(Stored data entries)
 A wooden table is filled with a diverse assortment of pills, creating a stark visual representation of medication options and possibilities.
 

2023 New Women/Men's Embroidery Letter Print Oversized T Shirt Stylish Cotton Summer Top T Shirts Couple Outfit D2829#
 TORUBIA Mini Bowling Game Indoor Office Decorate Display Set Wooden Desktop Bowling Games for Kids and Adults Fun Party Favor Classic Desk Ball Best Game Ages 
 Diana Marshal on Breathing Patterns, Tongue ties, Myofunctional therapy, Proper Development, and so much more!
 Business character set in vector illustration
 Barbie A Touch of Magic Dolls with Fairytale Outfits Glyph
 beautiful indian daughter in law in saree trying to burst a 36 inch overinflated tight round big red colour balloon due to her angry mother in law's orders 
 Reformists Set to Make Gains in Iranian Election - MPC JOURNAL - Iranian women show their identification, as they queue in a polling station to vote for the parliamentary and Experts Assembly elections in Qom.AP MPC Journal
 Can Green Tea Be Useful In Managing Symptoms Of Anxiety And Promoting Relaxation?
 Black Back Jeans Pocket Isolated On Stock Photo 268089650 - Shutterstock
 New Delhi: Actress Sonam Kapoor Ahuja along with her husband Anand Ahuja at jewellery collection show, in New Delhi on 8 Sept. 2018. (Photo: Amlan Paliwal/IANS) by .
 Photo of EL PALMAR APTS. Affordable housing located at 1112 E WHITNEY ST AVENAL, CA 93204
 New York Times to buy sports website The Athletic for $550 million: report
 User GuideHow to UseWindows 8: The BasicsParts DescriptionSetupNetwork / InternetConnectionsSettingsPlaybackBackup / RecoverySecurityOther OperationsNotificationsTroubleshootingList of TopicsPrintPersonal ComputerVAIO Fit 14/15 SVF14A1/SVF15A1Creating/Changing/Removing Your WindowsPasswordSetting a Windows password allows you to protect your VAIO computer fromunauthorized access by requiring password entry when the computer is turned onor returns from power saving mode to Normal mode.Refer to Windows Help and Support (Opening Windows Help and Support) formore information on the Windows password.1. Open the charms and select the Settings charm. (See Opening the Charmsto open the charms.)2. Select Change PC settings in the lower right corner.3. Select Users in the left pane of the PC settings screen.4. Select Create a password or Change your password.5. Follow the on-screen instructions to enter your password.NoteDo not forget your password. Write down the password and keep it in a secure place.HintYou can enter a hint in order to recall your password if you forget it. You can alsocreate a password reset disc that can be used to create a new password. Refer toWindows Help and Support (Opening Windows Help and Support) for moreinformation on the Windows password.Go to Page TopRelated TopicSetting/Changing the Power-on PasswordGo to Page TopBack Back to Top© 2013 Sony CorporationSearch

To do
Return the span of lines in the data above that opens at the line with "New Delhi: Actress" and closes at the line with "New York Times", exactly, ends included, nothing else.

Output below
 New Delhi: Actress Sonam Kapoor Ahuja along with her husband Anand Ahuja at jewellery collection show, in New Delhi on 8 Sept. 2018. (Photo: Amlan Paliwal/IANS) by .
 Photo of EL PALMAR APTS. Affordable housing located at 1112 E WHITNEY ST AVENAL, CA 93204
 New York Times to buy sports website The Athletic for $550 million: report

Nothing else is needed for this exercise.